A MTN é uma gigante da telefonia móvel no continente africano. São 685 usuários. Deles, 230 milhões só na África do Sul. Essa semana, um relatório da AmaBhungane e do Finance Project, organizações não-governamentais dedicadas a temas públicos, colocou a companhia sob fogo cerrado. Ela é acusada de, fugindo da tributação, enviar, via offshores, bilhões de rands para paraísos fiscais na forma de "taxa de administração". Ilhas Maurício e Dubai são os destinos. A taxa de administração é a remuneração paga pela prestação de serviços de gestão e administração, podendo, também, ser destinada a remunerar os demais prestadores de serviço que operacionalizam o fundo de investimento. Em Dubai, a companhia tem 100 empregados e estrutura física. Já nas Ilhas Maurício, nada. Nem empregados, nem estrutura física.
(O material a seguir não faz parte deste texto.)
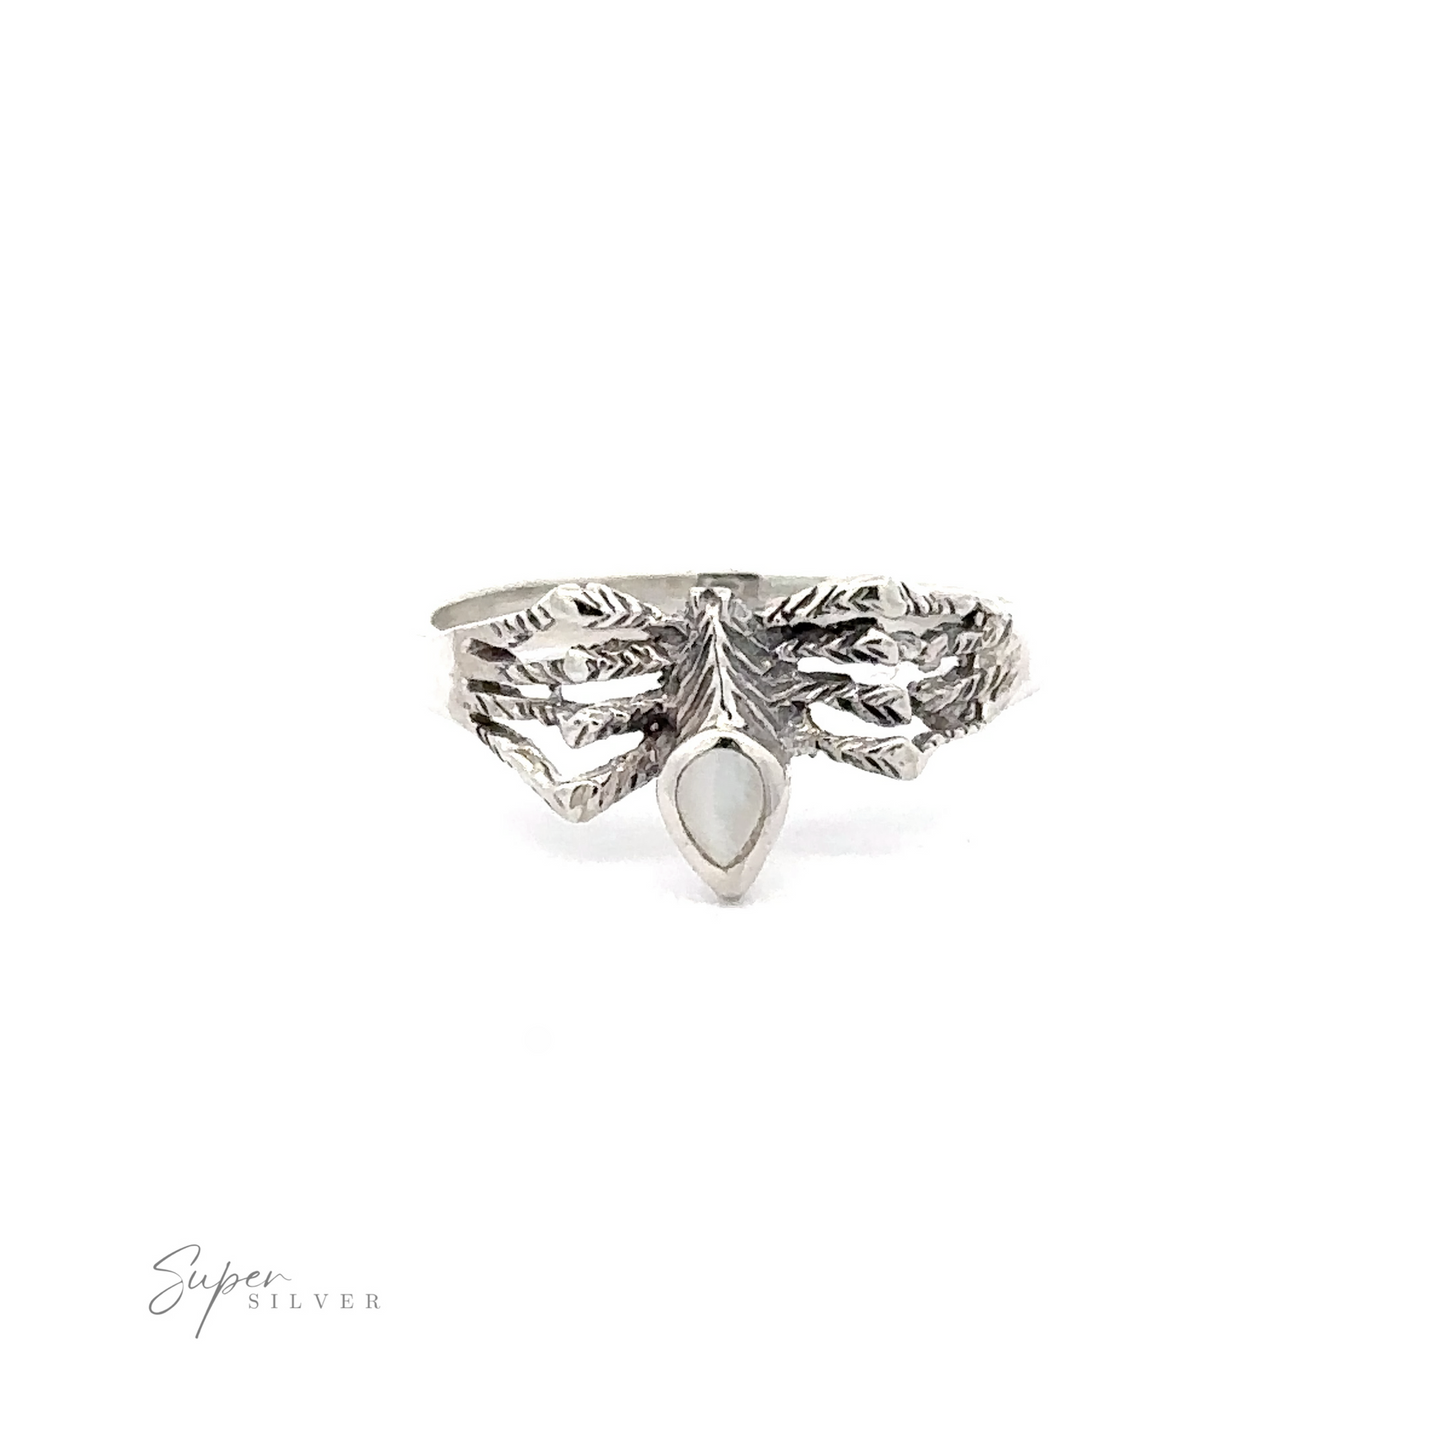 
                  
                    A Small Inlay Spider Ring with a leafy design features a single, teardrop-shaped white gemstone in the center. The brand name "Super Silver" appears in the bottom left corner. This piece of mystical jewelry is perfect for those seeking elegance and enchantment.

De tudo o que foi enviado como taxa de administração, 55% o foi por Maurício e 45% por Dubai. Em 2010, a MTN Maurício recebeu centenas de milhões de rands em taxa de administração, mas apenas R 58 milhões foram enviados para o braço sul-africano da companhia. Segundo o relatório divulgado no Mail&Guardian, entre 2007 e 2013, um total de R 3.7 bilhões foi remetido da Nigéria para Dubai e, de lá, para Maurício. É 1,75% da arrecadação do país. Em 2013, a Nigéria conseguiu o retorno de R 2.6 bilhões. Em 2009, R 85.6 bilhões voaram de Uganda para Maurício, o equivalente a 3% da arrecadação de Uganda naquele ano. Entre 2008 e 2013, R 3.7 bilhões foram de Gana para Dubai e as Ilhas Maurício. Foi 10% da arrecadação de Gana no ano. Entre 2012 e 2013, R 512.9 milhões saíram da Costa do Marfim para Maurício, o equivalente a 5% da arrecadação do país.

Benefícios Fiscais

Além disso, há, quanto ao governo da África do Sul, uma política de concessão de benefícios fiscais pelo próprio governo Federal. Ano passado, o Comitê Davis de Tributação, ente especializado vinculado ao Tesouro Nacional, exigiu que a política fosse revista. A recomendação foi de que o país seguisse seus tratados internacionais contra a bitributação. Em 2013, 297 contribuintes requereram créditos tributários a SARS, órgão responsável pela arrecadação Federal. Ano passado, foram 382. Em torno de R 370 milhões tem sido requerido desde 2013, excluindo a restituição tributária. Nenhuma lei obriga a MTN liberar informação referente aos créditos tributários requeridos.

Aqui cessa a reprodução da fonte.